Let me focus on AVX2, the instruction set supported by effectively all x64 (Intel and AMD) processors. We can load 32-byte registers and write 32-byte registers. Thus we need a function that takes a 32-byte register and inserts a line-feed character at some location (N) in it. For cases where N is less than 16, the function shifts the input vector right by one byte to align the data correctly, using _mm256_alignr_epi8 and _mm256_blend_epi32, before applying the shuffle mask and inserting the newline. When N is 16 or greater, it directly uses a shuffle mask from the precomputed shuffle_masks array to reorder the input bytes and insert the newline, leveraging a comparison with `0x80` to identify the insertion point and blending the result with a vector of newline characters for efficient parallel processing.

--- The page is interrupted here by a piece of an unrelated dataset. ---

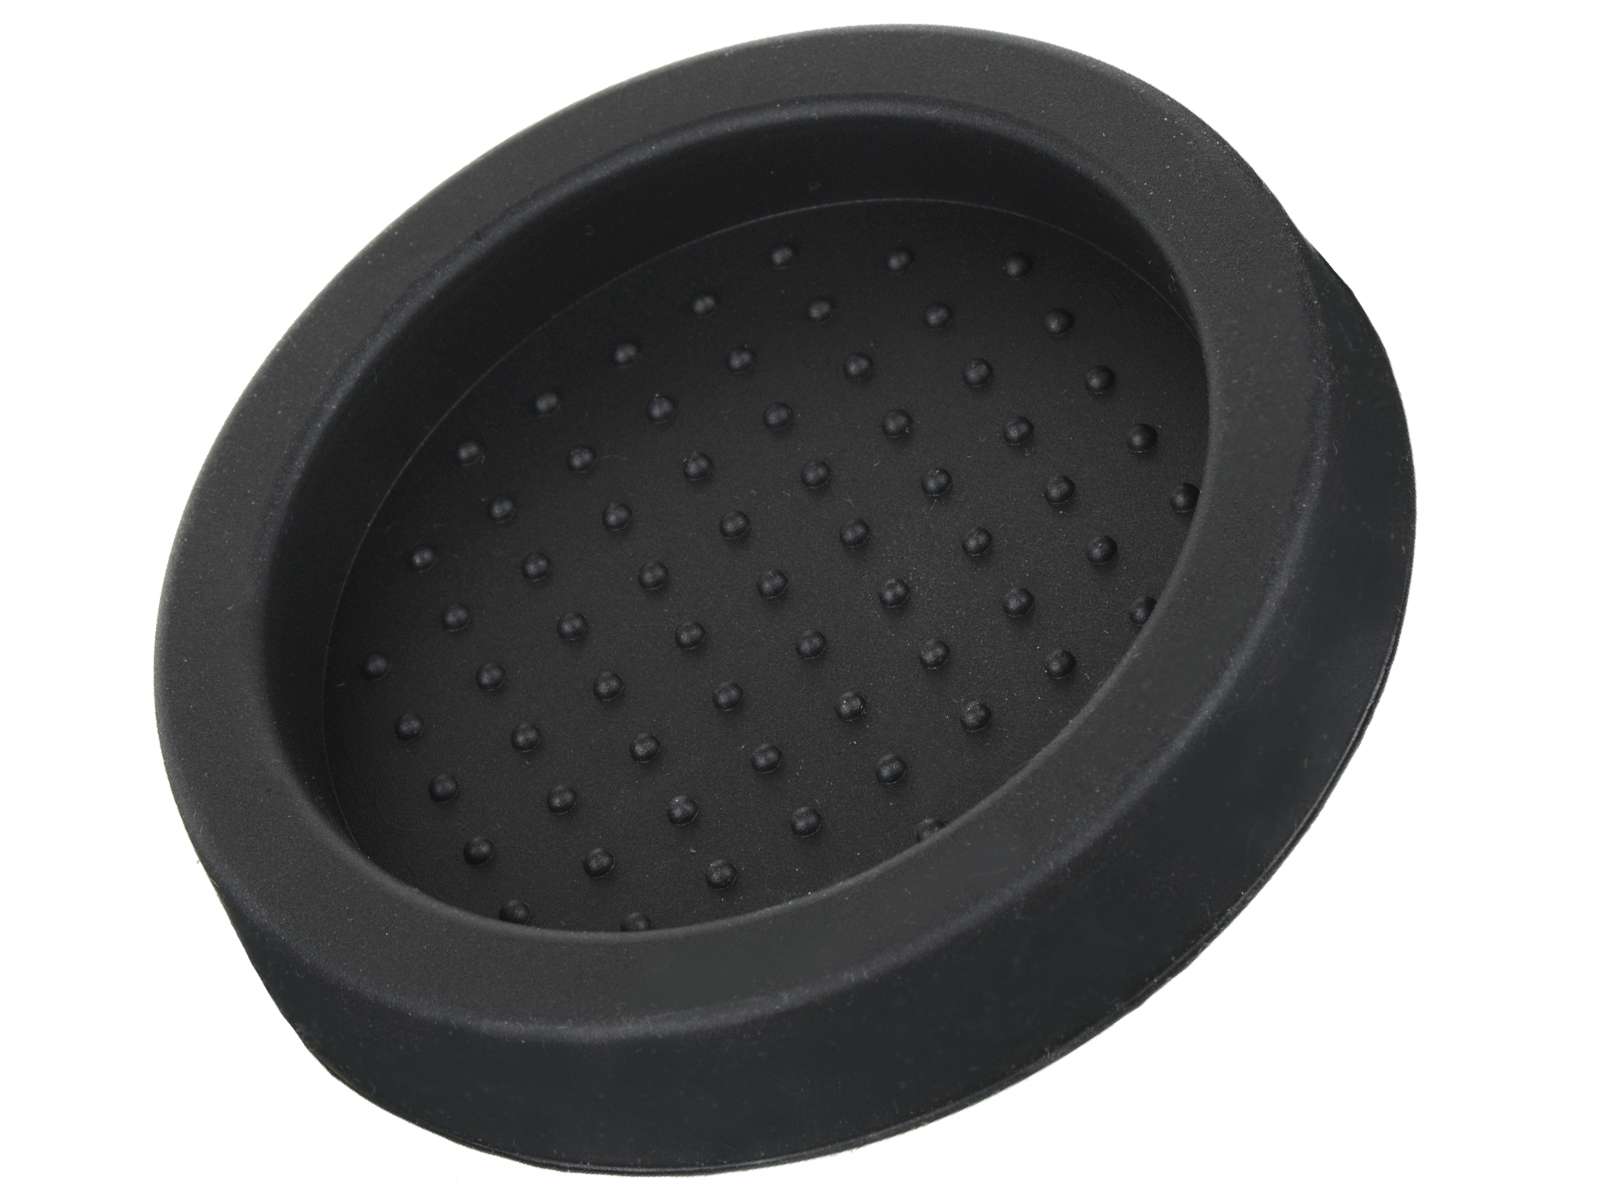 Scarlet espresso tamper tray puck mat made of food-safe silicone for storing the tamper after tamping blue

inline __m256i insert_line_feed32(__m256i input, int N) { __m256i line_feed_vector = _mm256_set1_epi8('\n'); __m128i identity = _mm_setr_epi8(0, 1, 2, 3, 4, 5, 6, 7, 8, 9, 10, 11, 12, 13, 14, 15); if (K >= 16) { __m128i maskhi = _mm_loadu_si128(shuffle_masks[N - 16]); __m256i mask = _mm256_set_m128i(maskhi, identity); __m256i lf_pos = _mm256_cmpeq_epi8(mask, _mm256_set1_epi8(0x80)); __m256i shuffled = _mm256_shuffle_epi8(input, mask); __m256i result = _mm256_blendv_epi8(shuffled, line_feed_vector, lf_pos); return result; } // Shift input right by 1 byte __m256i shift = _mm256_alignr_epi8( input, _mm256_permute2x128_si256(input, input, 0x21), 15); input = _mm256_blend_epi32(input, shift, 0xF0); __m128i masklo = _mm_loadu_si128(shuffle_masks[N]); __m256i mask = _mm256_set_m128i(identity, masklo); __m256i lf_pos = _mm256_cmpeq_epi8(mask, _mm256_set1_epi8(0x80)); __m256i shuffled = _mm256_shuffle_epi8(input, mask); __m256i result = _mm256_blendv_epi8(shuffled, line_feed_vector, lf_pos); return result; }
Can we go faster by using such a fancy function ? Let us test it out. I wrote a benchmark. I use a large input string on an Intel Ice Lake processor with GCC 12.
| character-by-character | 1.0 GB/s | 8.0 ins/byte |
| memcpy | 11 GB/s | 0.46 ins/byte |
| AVX2 | 16 GB/s | 0.52 ins/byte |
The handcrafted AVX2 approach is faster in my tests than the memcpy approach despite using more instructions. However, the handcrafted AVX2 approach stores data to memory using fewer instructions.